À défaut d’avoir des annonceurs, les fondateurs espèrent convaincre les lecteurs. Ils sont décidés à transformer leur association en entreprise de presse, et leur bulletin en mensuel national. Leur projet arrive cependant dans un contexte de morosité intellectuelle. Depuis quelques années, nombre d’observateurs croient déceler une crise des sciences humaines (1). Dès 1982, l’historien Pierre Nora a annoncé dans la revue Le Débat la fin des « Trente glorieuses de l’édition intellectuelle ». En 1985, Michel Prigent, président du directoire des PUF, a rédigé un rapport sur l’édition qui a fait du bruit. Il y diagnostiquait « la crise du commerce des idées, la transformation des besoins du public universitaire, la professionnalisation des études supérieures, l’échec des espérances intellectuelles démesurées, le reflux de la lecture militante », autant d’entraves à la vente de livres – et revues – en sciences humaines.
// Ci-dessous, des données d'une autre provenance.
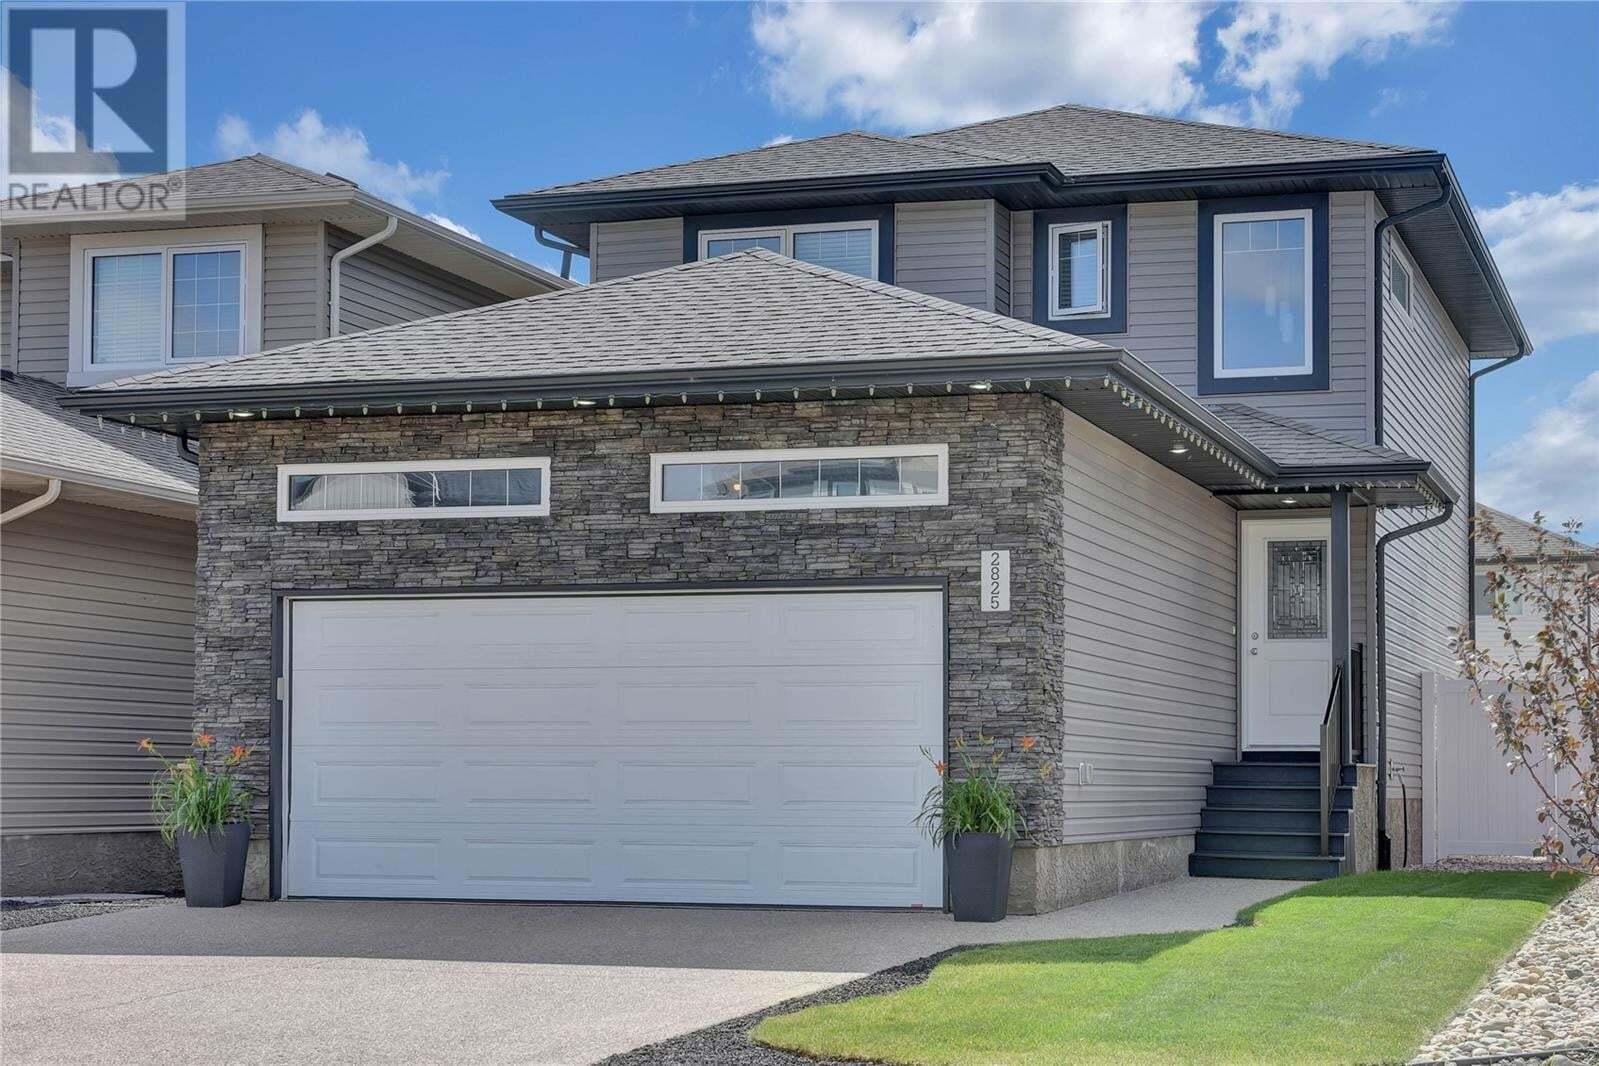 House for sale at 2825 Elgaard Dr Regina Saskatchewan - MLS: SK821865

En réalité, la chute des ventes de livres en sciences humaines et sociales reste un phénomène très relatif. Elle masque un phénomène plus profond : les grands paradigmes intellectuels sont en train de changer. Les « maîtres à penser » qui ont enchanté la décennie 1970 ont presque tous disparu : Jean-Paul Sartre, Jean Piaget (1980), Jacques Lacan (1983), Michel Foucault (1984), Fernand Braudel (1986)… Chacun voit ce qui est en train de disparaître, la figure de l’intellectuel engagé et le triumvirat structuralisme-marxisme-psychanalyse, sans bien voir ce qui peut y succéder.
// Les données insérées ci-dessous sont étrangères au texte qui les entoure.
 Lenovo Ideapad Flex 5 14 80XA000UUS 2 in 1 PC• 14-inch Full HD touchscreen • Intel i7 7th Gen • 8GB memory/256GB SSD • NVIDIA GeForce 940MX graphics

À Auxerre, J.-F. Dortier est conscient que les sciences humaines traversent une zone de turbulence. Lui-même a évolué au cours de cette décennie 1980. Il ne croit plus en l’existence d’une théorie suprême qui permettrait d’embrasser la totalité du réel. La lecture des Mémoires de Raymond Aron (1983) a joué un rôle de détonateur : « Je l’avais lu pour le démonter, et c’est lui qui m’a démonté. Ce fut un vrai choc de lecture. Le pluralisme explicatif défendu par Aron m’a convaincu. Toute théorie ultime du monde et de l’homme m’a désormais semblé vaine. » J.-F. Dortier établit un parallèle avec les textes d’Edgar Morin sur la complexité, autre grande révélation intellectuelle. Au moment où il s’apprête à transformer son bulletin en un véritable mensuel, il a deux convictions à défendre sur la scène nationale. D’une part, le temps des grands récits est révolu ; il faut désormais croiser les approches et articuler entre eux les savoirs spécialisés. D’autre part, la pensée ayant horreur du vide, d’autres modèles, d’autres références, d’autres générations de penseurs vont bientôt succéder aux anciens. Bref, une nouvelle époque est en train de s’ouvrir.